Pamela Dawber (born October 18, 1951) is an American actress best known for her lead television sitcom roles as Mindy McConnell in Mork & Mindy (1978–1982) and Samantha Russell in My Sister Sam (1986–1988).

Early life
Dawber was born in Detroit, the older of two daughters of Thelma M. (née Fisher) and Eugene E. Dawber, a commercial artist. She went to Reid Elementary School in Goodrich and attended North Farmington High School and Oakland Community College (OCC), with the intention of transferring to a four-year college. She deferred her studies at OCC to do some modeling work and eventually dropped out after deciding to go into modeling full-time.

Career
Dawber moved to New York City and was initially a fashion model with Wilhelmina Models before switching to acting. She appeared in several television commercials during the 1970s (Fotomat, Noxzema, Neet, Underalls, etc.). 

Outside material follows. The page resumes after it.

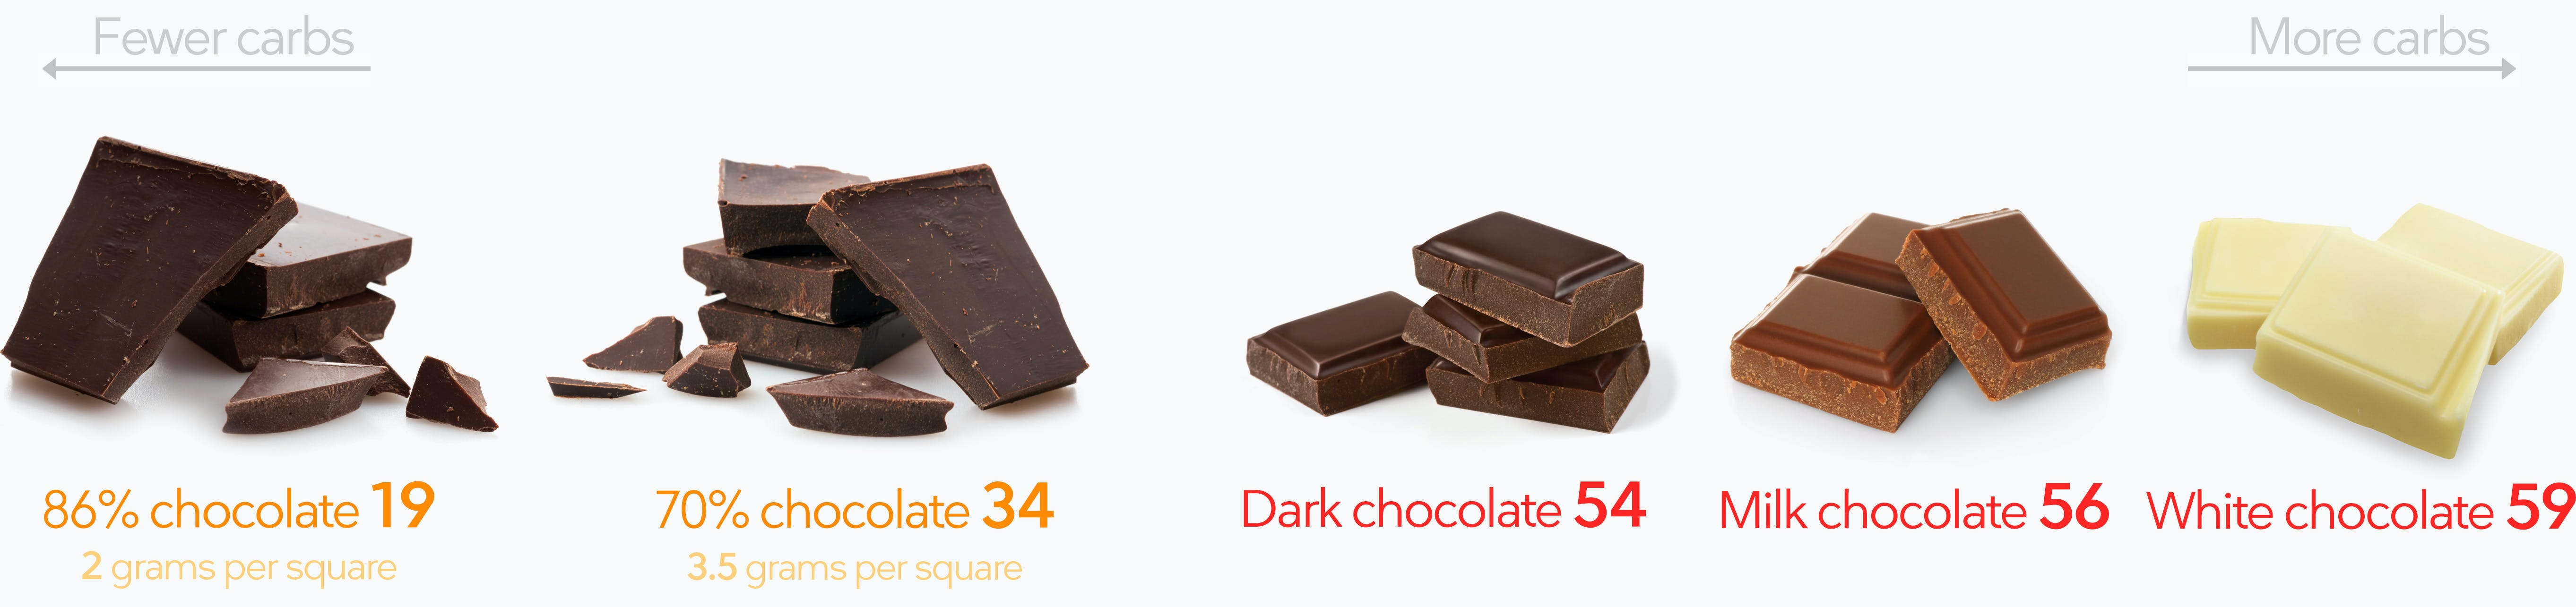 Keto chocolate snacks

Dawber screen-tested for the title role in Tabitha, a 1977–1978 situation comedy spun off from Bewitched, but the role instead went to Lisa Hartman. However, ABC executives were impressed enough with her to enroll her in its "talent development" program, which paid its participants until they could find appropriate roles. Garry K. Marshall recruited her from this program.

Breakthrough: Mork & Mindy
Dawber's professional breakthrough came when Marshall chose her, despite her having relatively little acting experience and not having auditioned for the part, as one of the two title characters of the ABC sitcom Mork & Mindy, which ran from 1978 to 1982. She portrayed Mindy McConnell, the comedic foil and eventual love interest for the extraterrestrial Mork from the planet Ork, played by a then-unknown Robin Williams. The show was extremely popular in its debut season, when it averaged at number three in the Nielsen ratings for the year. The only major difficulty for her on set was that she often found it impossible to maintain the proper composure in character in the face of her co-star's comedic talent. Also, pressure came from the TV network to sexualize her character as the series progressed, which Dawber successfully resisted, with Williams' support.

The Pirates of Penzance
Dawber sang in a 1980s Los Angeles Civic Light Opera production of Gilbert & Sullivan's The Pirates of Penzance, based on the Joseph Papp/New York Shakespeare Festival production. Her role, as Mabel, had been played by Linda Ronstadt in the New York run of the show.

My Sister Sam
From 1986 to 1988, Dawber again had the title role in a television series, playing Samantha Russell in the CBS sitcom My Sister Sam, co-starring Rebecca Schaeffer. The series was a success in its first season, but it suffered a massive ratings drop in its second after moving to Saturday night. My Sister Sam was cancelled in April 1988, with half of the second season's episodes never shown on CBS, but eventually broadcast (along with all previous episodes) on USA Network.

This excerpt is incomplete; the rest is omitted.